• _WORK INSTRUCTION_:
Before returning the data, strip out the pictures and keep everything else exactly the same.

--- DATA ---

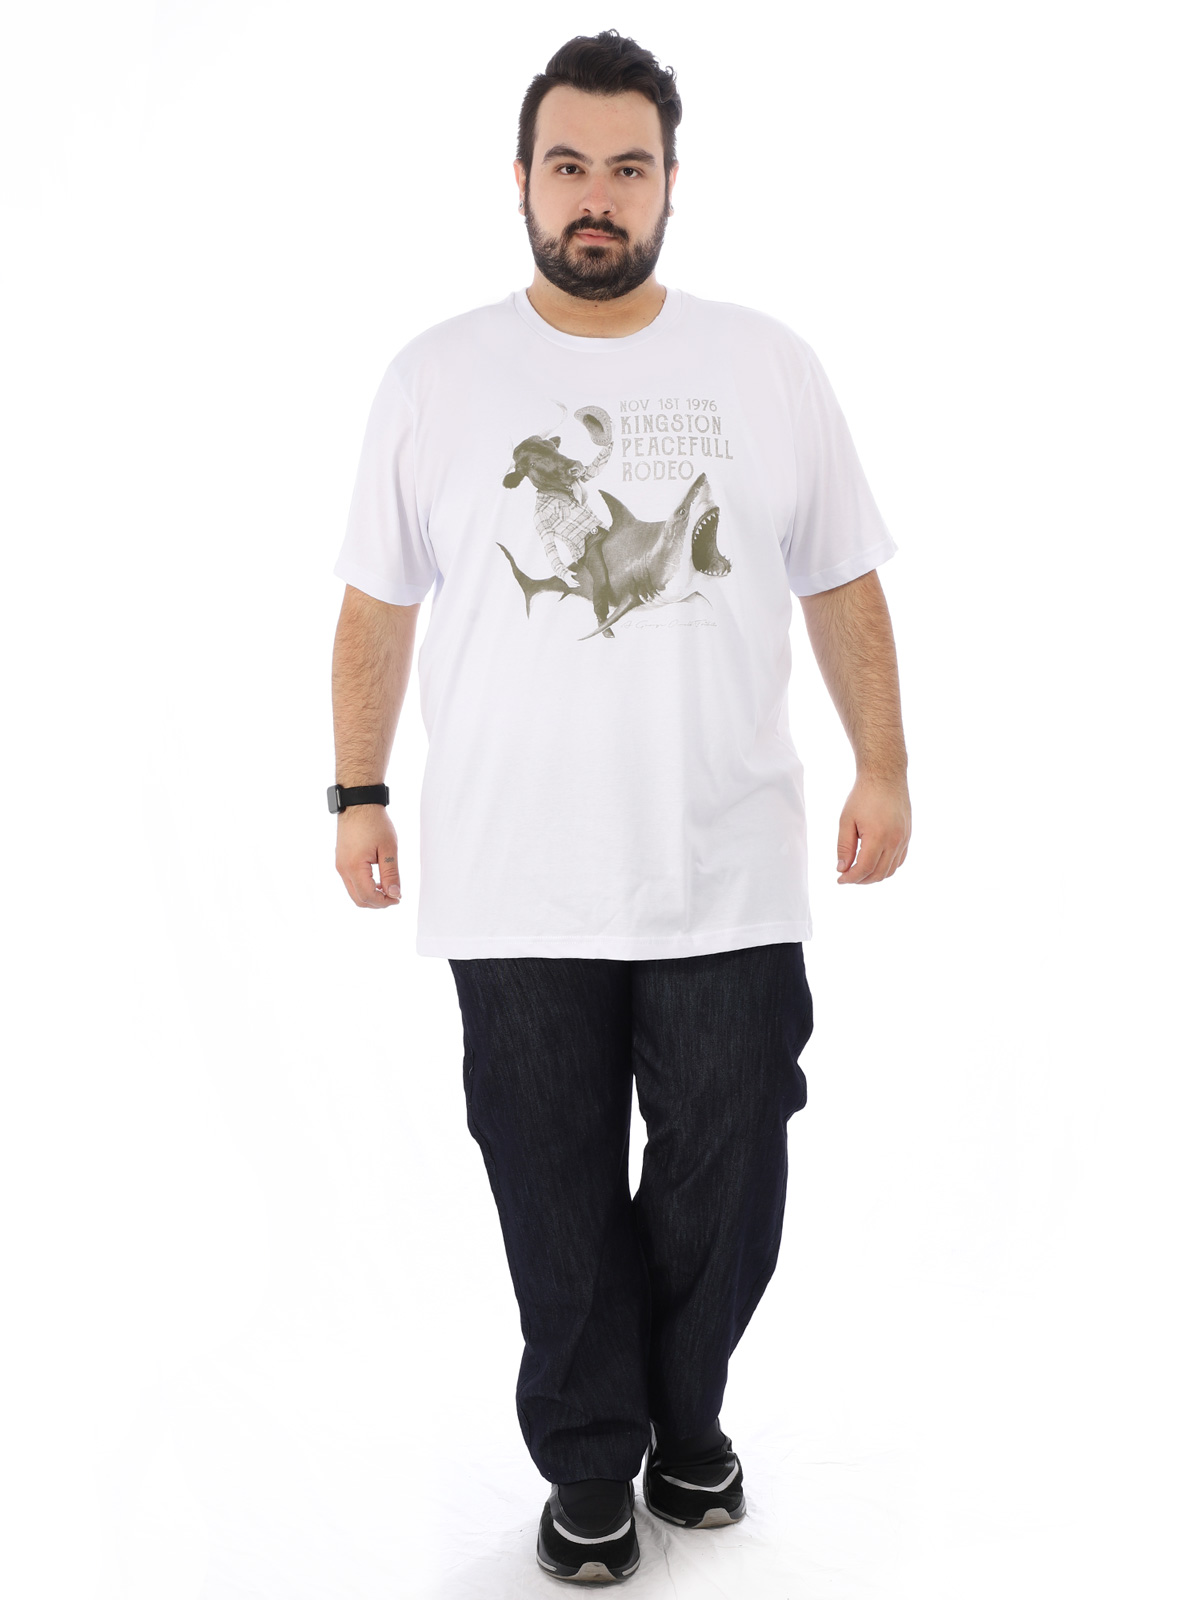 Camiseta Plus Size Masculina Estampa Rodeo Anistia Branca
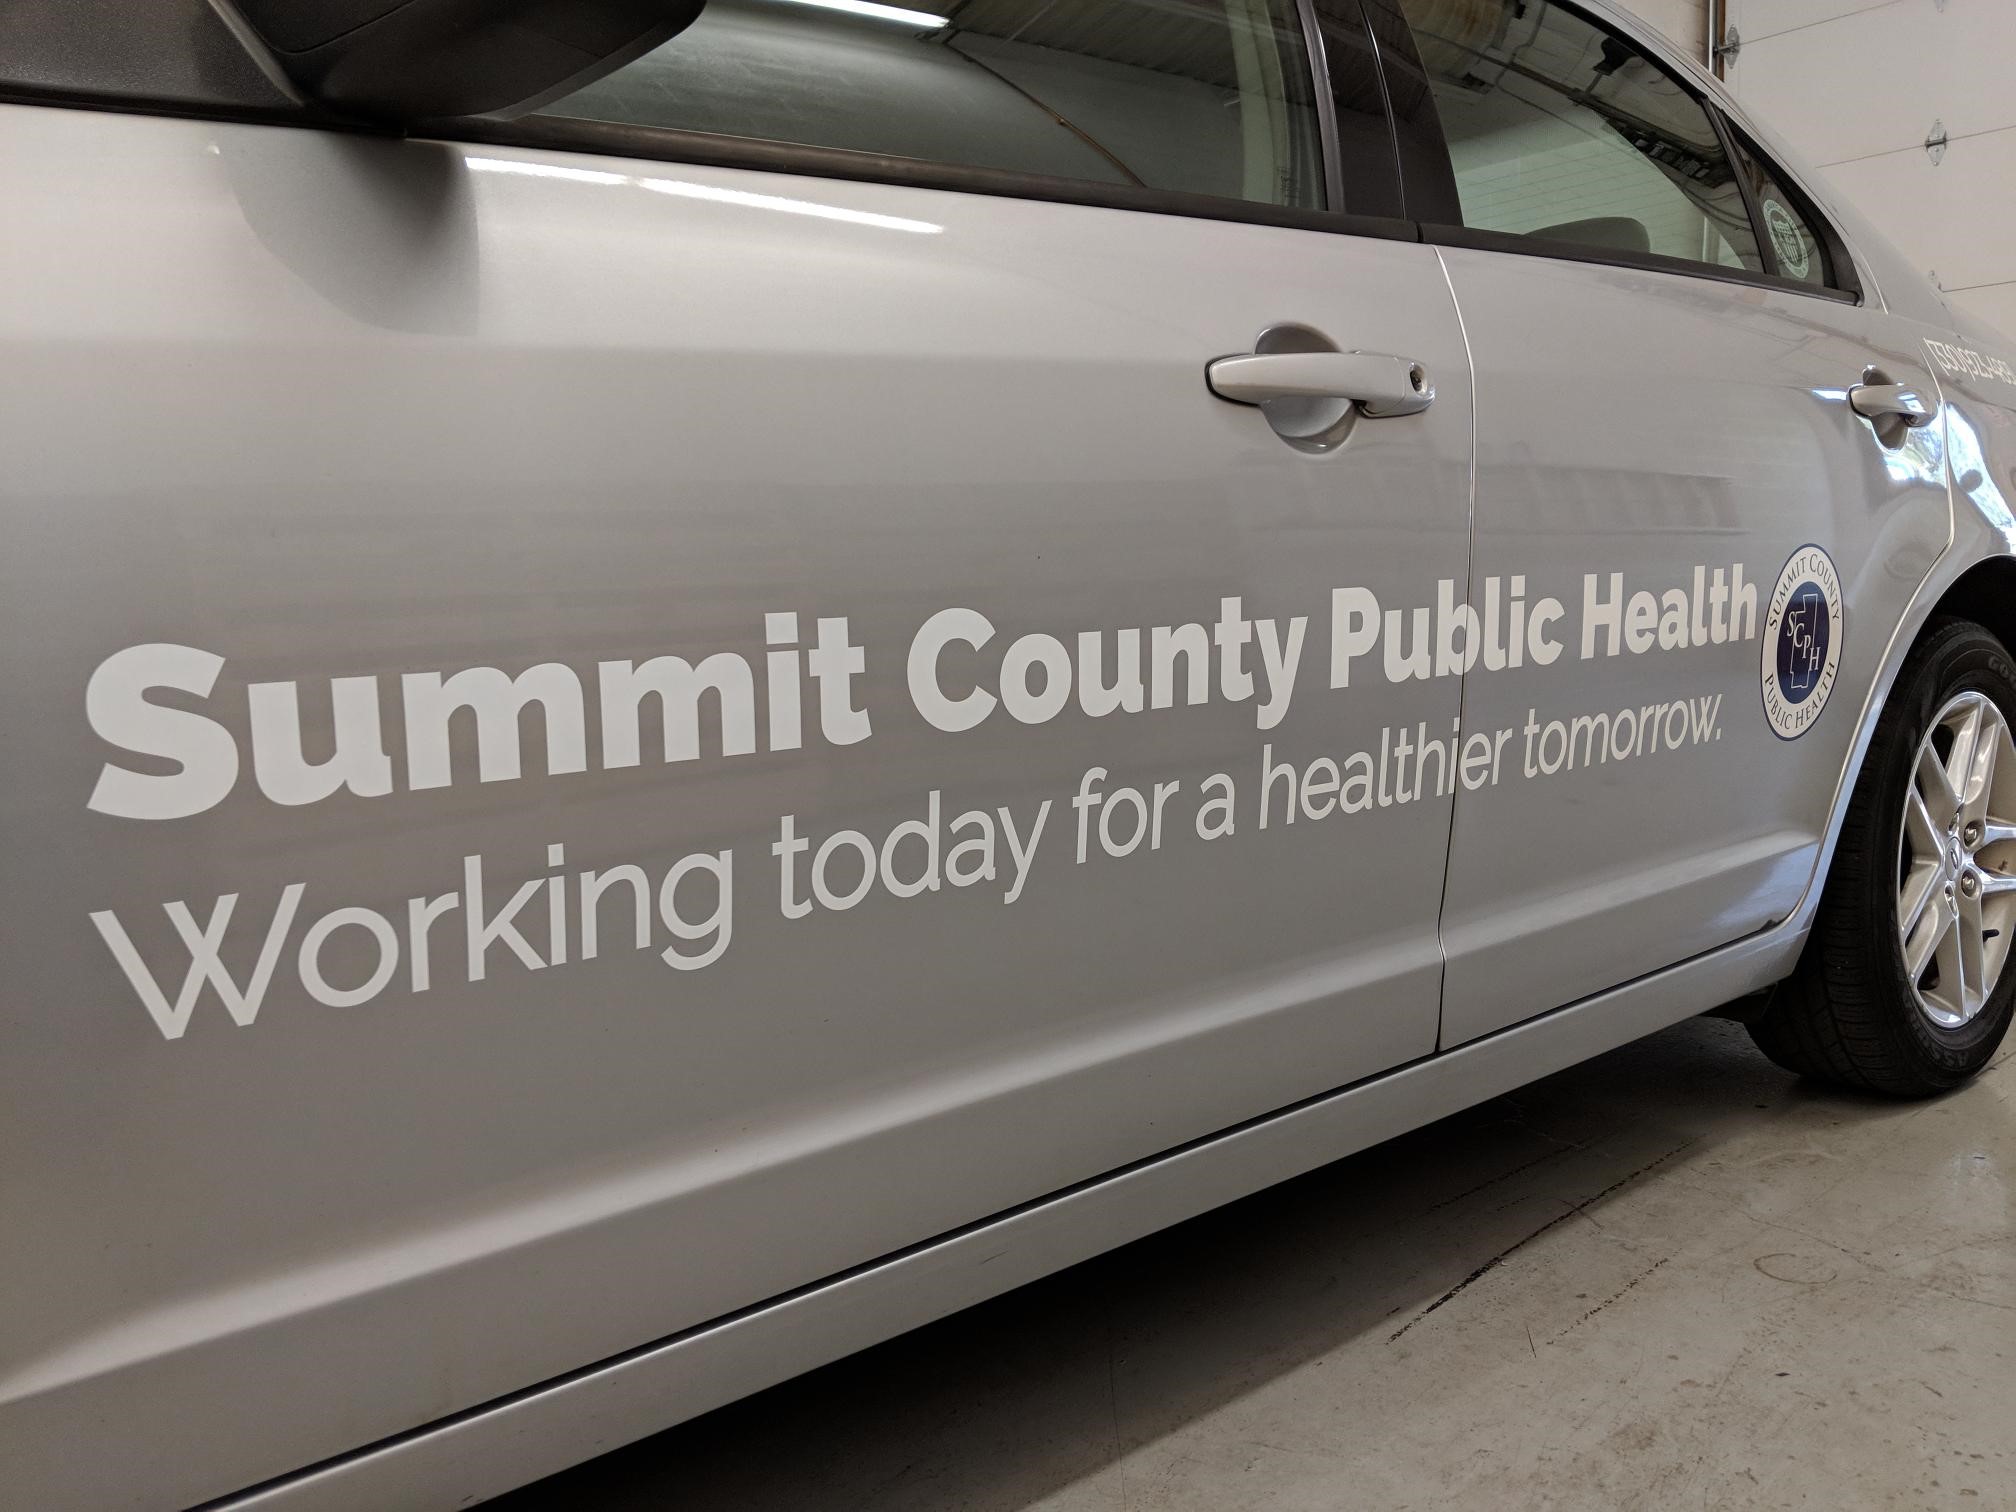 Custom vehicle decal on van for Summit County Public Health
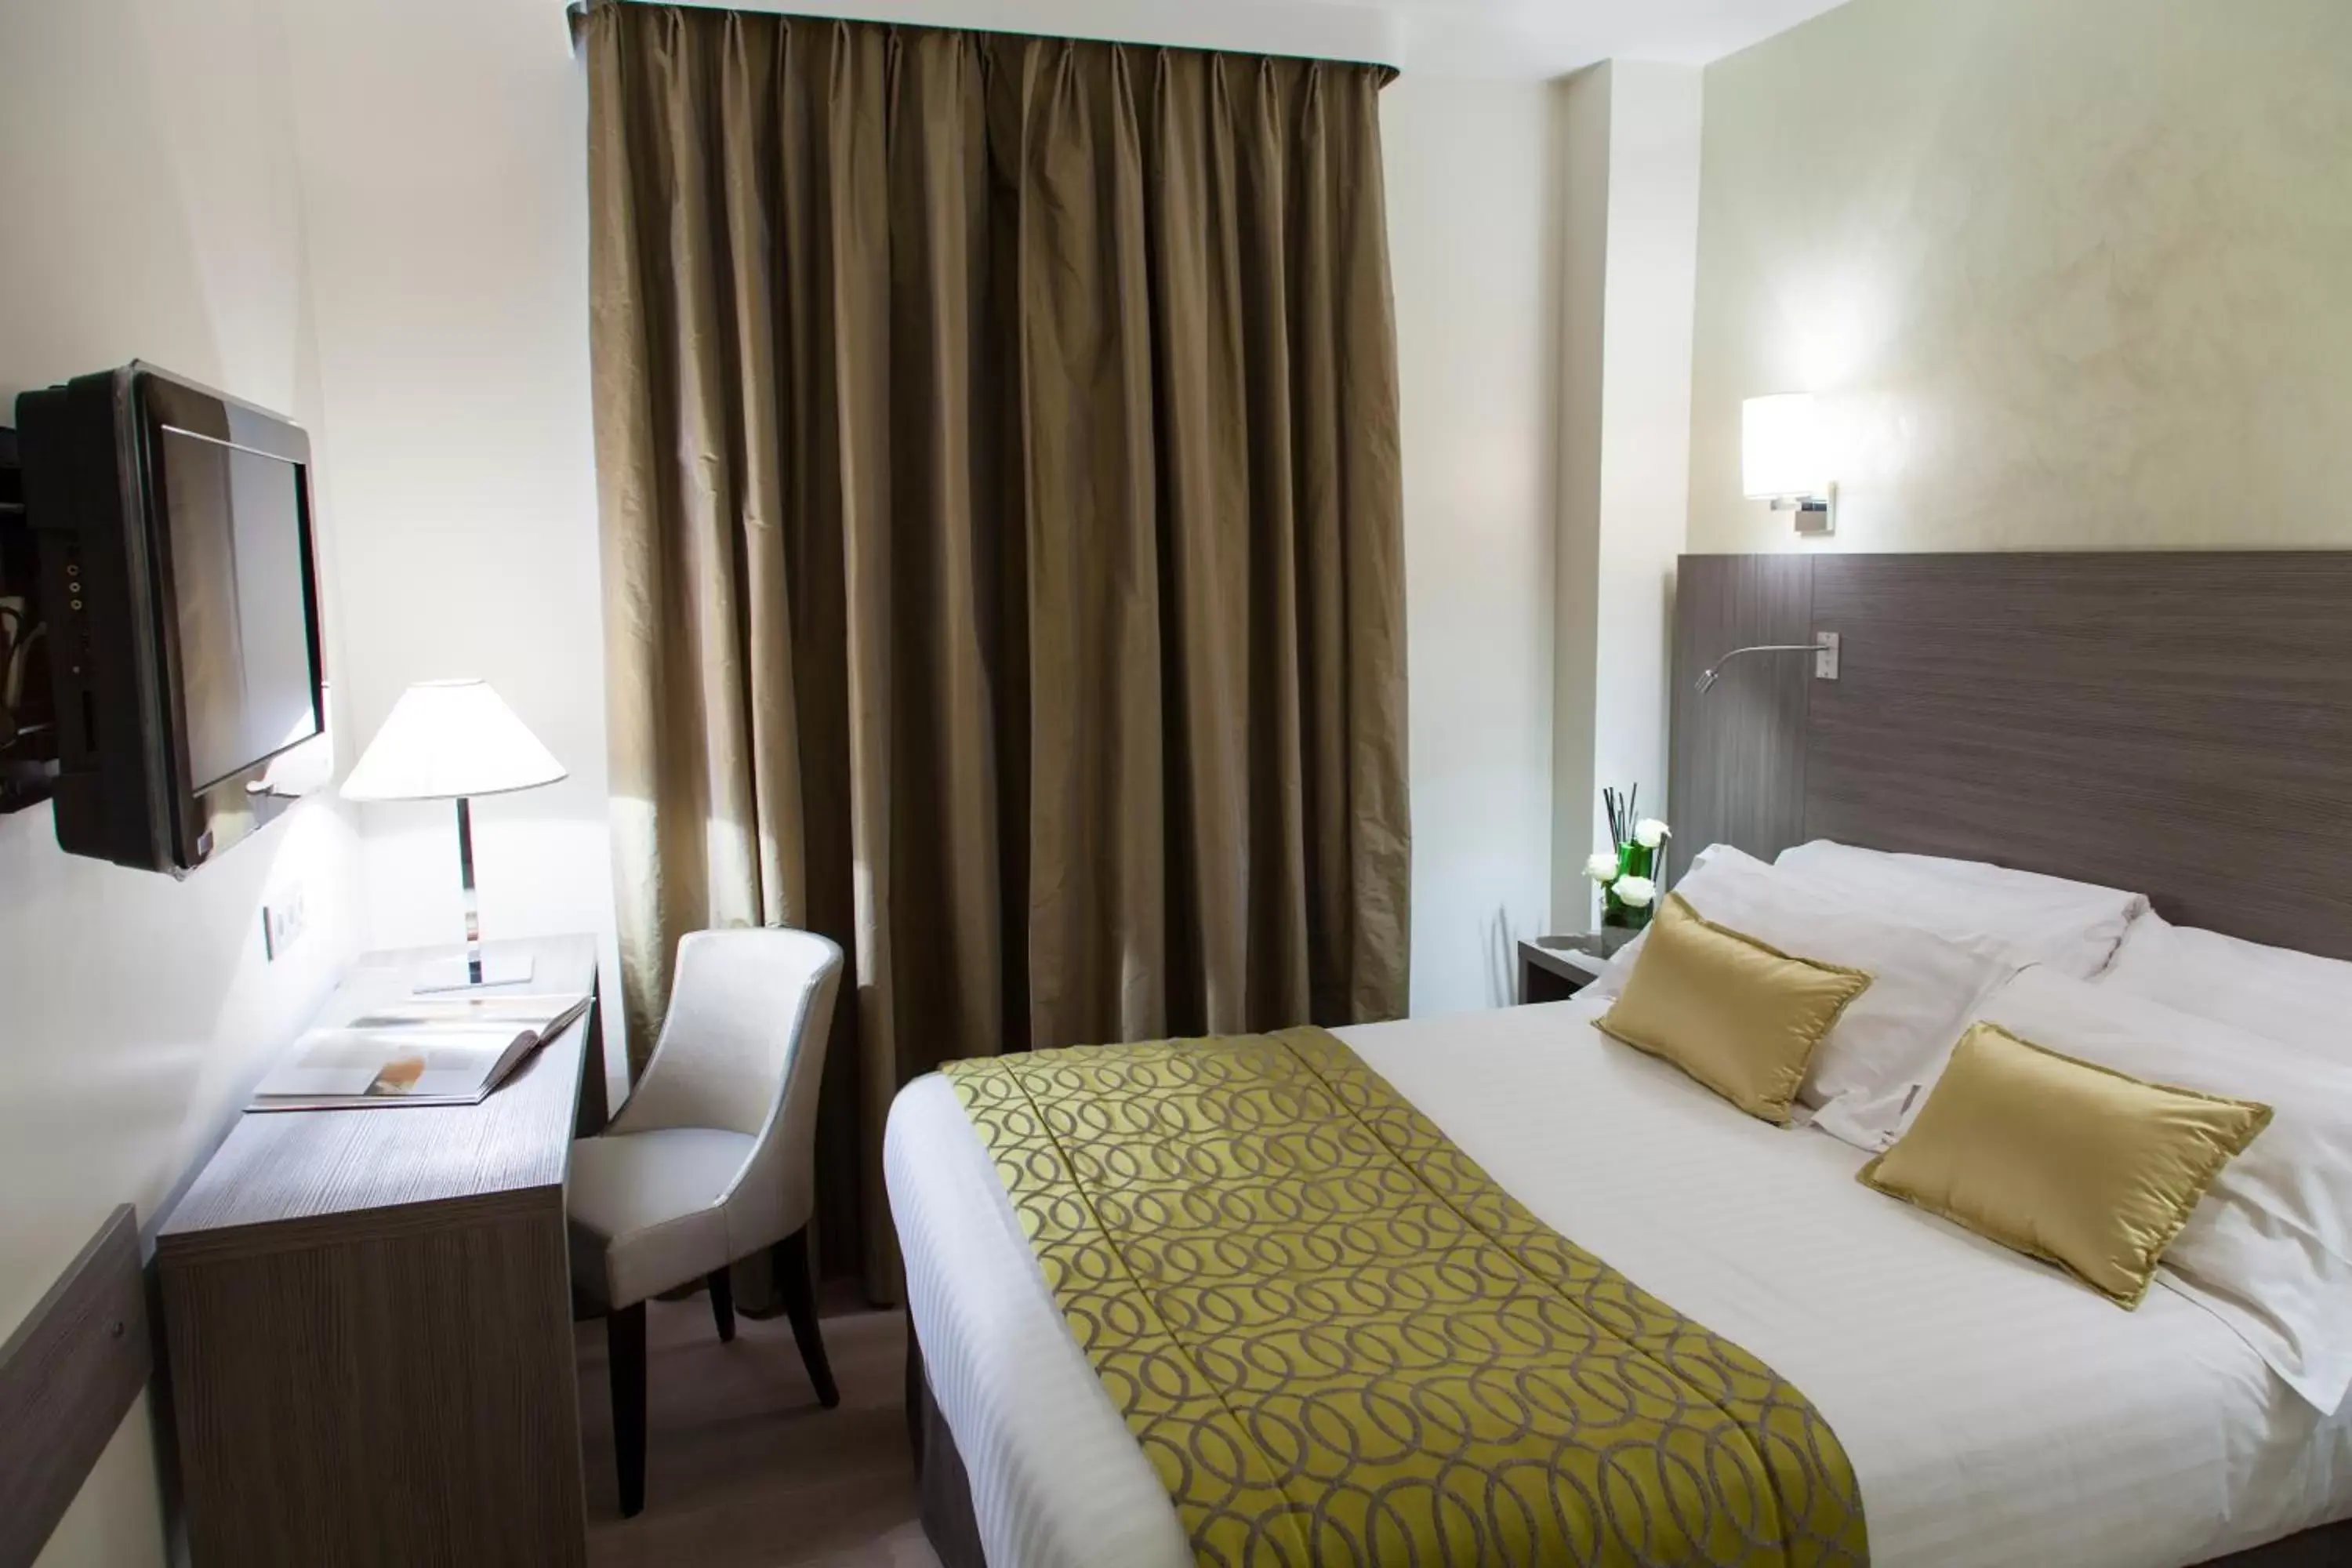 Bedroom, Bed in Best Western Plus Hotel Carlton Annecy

---

• _SOLUTION FOR THIS TASK_:
 Camiseta Plus Size Masculina Estampa Rodeo Anistia Branca
 Custom vehicle decal on van for Summit County Public Health
 Bedroom, Bed in Best Western Plus Hotel Carlton Annecy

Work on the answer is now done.